Compaction reduces conversation history size while preserving important context:

4-Layer Pipeline

  1. Layer 1: Rule-based pre-compression (9 rules)
    • Deduplicate lines
    • Remove emoji
    • Collapse whitespace
    • Normalize CJK punctuation
    • Remove empty sections
    • Compress markdown tables
    • Merge similar bullets
    • Merge short bullets
    • Remove decorative lines
  2. Layer 2: Message deduplication
    • Shingle hashing + Jaccard similarity
    • Removes duplicate/highly similar messages
  3. Layer 3: LLM summarization
    • Single LLM call to generate L2 (detailed) summary
    • Preserves key facts, decisions, and outcomes
  4. Layer 4: Tiered summaries
    • L0: Ultra-brief (1-2 sentences)
    • L1: Brief (1 paragraph)
    • L2: Detailed (multiple paragraphs)

Standalone Utilities

  • Dictionary encoding: Auto-learned codebook, $XX substitution (lossless)
  • Tokenizer optimizer: Encoding-aware format fixes (1-3% savings)
  • Compressed Context Protocol (CCP): Ultra/medium/light abbreviation (20-60%)

Main Exports

Compactor Engine

createCompactor(db: Database, config?: CompactorConfig): CompactorEngine

Create a compactor engine.
db
Database
required
Database instance from @tinyclaw/core
config
CompactorConfig
Optional configuration
import { createCompactor } from '@tinyclaw/compactor';
import { createDatabase } from '@tinyclaw/core';

const db = createDatabase('/path/to/tiny-claw.db');
const compactor = createCompactor(db, {
  threshold: 50,           // Compact when message count > 50
  targetCount: 20,         // Keep last 20 messages after compaction
  estimatedTokenLimit: 4000, // Token budget for compaction
});
Default Config:
const DEFAULT_COMPACTOR_CONFIG: CompactorConfig = {
  threshold: 50,
  targetCount: 20,
  estimatedTokenLimit: 4000,
};

Methods

compactIfNeeded(userId, provider): Promise<CompactionResult | null>

Automatically compact conversation history if it exceeds threshold.
userId
string
required
User ID
provider
Provider
required
LLM provider for summarization
result
CompactionResult | null
Compaction result or null if compaction was not needed
const result = await compactor.compactIfNeeded('web:owner', provider);

if (result) {
  console.log(`Compacted ${result.messagesRemoved} messages`);
  console.log(`Summary: ${result.summary.l1}`);
}
CompactionResult:
interface CompactionResult {
  summary: TieredSummary;     // L0, L1, L2 summaries
  messagesRemoved: number;    // Messages deleted
  originalCount: number;      // Messages before compaction
  newCount: number;           // Messages after compaction
  metrics: CompactionMetrics; // Compression stats
}
TieredSummary:
interface TieredSummary {
  l0: string;  // Ultra-brief (1-2 sentences)
  l1: string;  // Brief (1 paragraph)
  l2: string;  // Detailed (multiple paragraphs)
}

getLatestSummary(userId): string | null

Retrieve the latest compaction summary.
const summary = compactor.getLatestSummary('web:owner');
if (summary) {
  console.log(summary);
}

estimateTokens(text): number

Estimate token count for a text string.
const tokens = compactor.estimateTokens('Hello, world!');
console.log(`Estimated tokens: ${tokens}`);

Standalone Utilities

Compressed Context Protocol (CCP)

Ultra-aggressive abbreviation for context compression.

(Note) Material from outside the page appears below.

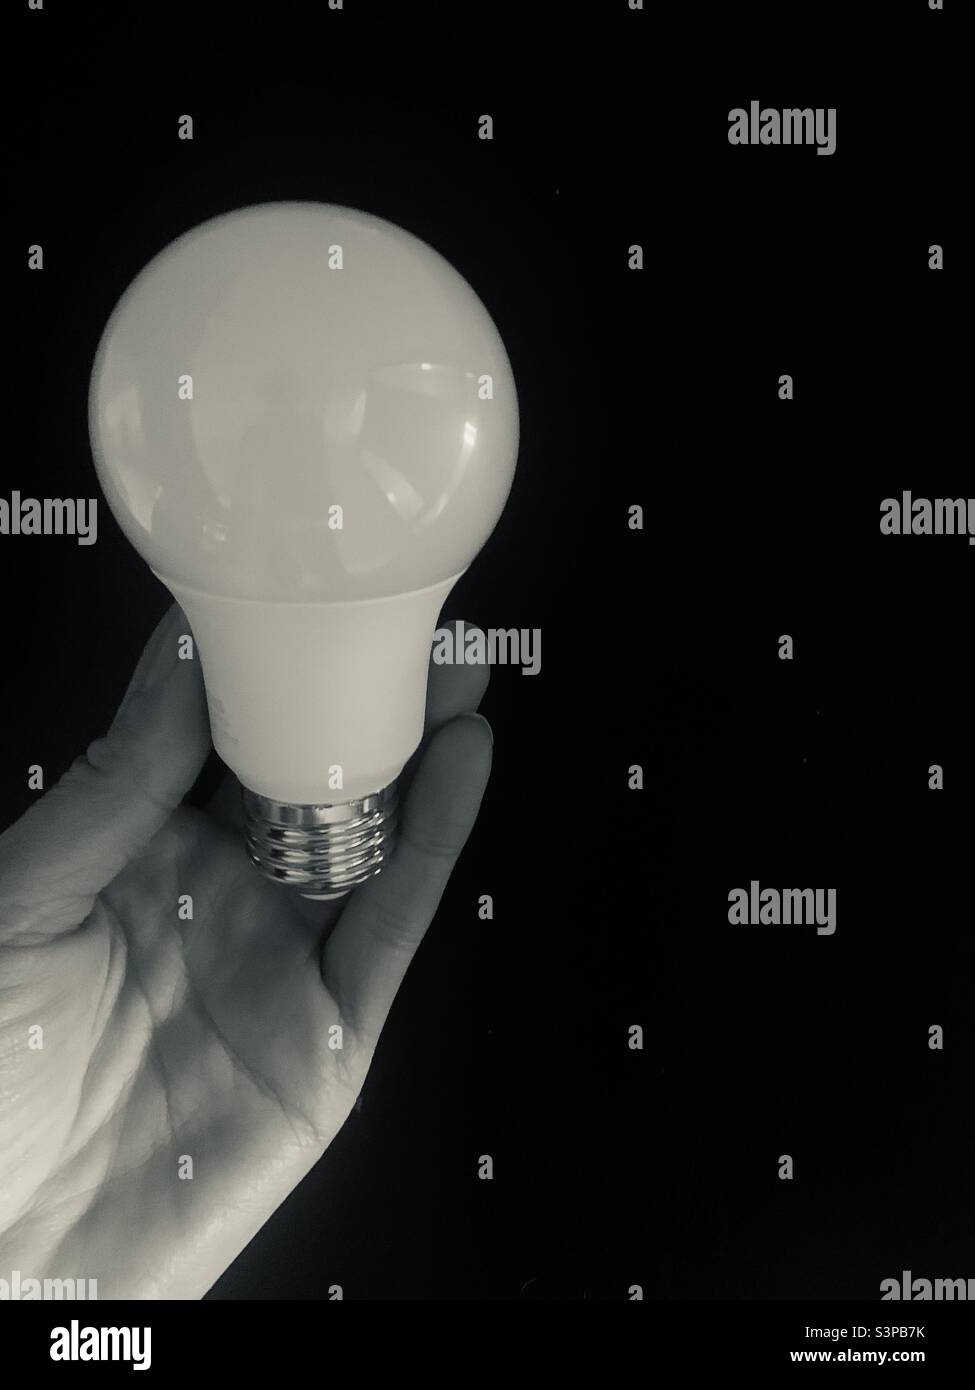 Holding a lightbulb in hand on a black background Stock Photo

compressContext(text, level?): string

text
string
required
Text to compress
level
CcpLevel
Compression level: 'ultra', 'medium', or 'light' (default: 'medium')
compressed
string
Compressed text
import { compressContext } from '@tinyclaw/compactor';

const original = 'The user asked about timezone configuration and we updated FRIEND.md with UTC+08:00.';
const compressed = compressContext(original, 'ultra');

console.log(compressed);
// Output: "usr askd tz cfg, upd FRIEND.md w/ UTC+08"
Compression Levels:
  • ultra: 40-60% reduction (aggressive abbreviation)
  • medium: 20-40% reduction (balanced)
  • light: 10-20% reduction (conservative)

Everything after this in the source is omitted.